Copy each line of the following material that has the string "Leather".

> _Raw data_
|---|
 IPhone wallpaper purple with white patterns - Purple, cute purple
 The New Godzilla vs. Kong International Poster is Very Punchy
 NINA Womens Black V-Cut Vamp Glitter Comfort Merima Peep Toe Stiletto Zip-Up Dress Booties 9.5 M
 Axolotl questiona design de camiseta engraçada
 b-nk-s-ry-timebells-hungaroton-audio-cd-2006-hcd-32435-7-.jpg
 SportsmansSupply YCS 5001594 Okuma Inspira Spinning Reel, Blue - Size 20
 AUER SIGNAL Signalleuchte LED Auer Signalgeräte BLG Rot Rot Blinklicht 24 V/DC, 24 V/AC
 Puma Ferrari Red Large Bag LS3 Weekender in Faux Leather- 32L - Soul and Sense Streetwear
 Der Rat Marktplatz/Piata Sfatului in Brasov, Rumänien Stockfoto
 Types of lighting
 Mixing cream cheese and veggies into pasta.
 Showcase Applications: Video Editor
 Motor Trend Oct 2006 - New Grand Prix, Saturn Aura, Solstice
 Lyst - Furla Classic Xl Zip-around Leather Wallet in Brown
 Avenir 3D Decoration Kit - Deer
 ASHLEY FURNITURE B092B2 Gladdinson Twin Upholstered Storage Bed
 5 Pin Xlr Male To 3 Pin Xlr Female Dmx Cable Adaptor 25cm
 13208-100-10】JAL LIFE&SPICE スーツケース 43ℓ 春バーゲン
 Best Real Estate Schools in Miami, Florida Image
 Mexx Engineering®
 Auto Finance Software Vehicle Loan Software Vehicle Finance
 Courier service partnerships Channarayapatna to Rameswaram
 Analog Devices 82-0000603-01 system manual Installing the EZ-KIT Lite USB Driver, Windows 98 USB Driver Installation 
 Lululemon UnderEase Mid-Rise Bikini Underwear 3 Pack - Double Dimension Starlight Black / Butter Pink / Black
|---|
> _Solution to this problem_
 Puma Ferrari Red Large Bag LS3 Weekender in Faux Leather- 32L - Soul and Sense Streetwear
 Lyst - Furla Classic Xl Zip-around Leather Wallet in Brown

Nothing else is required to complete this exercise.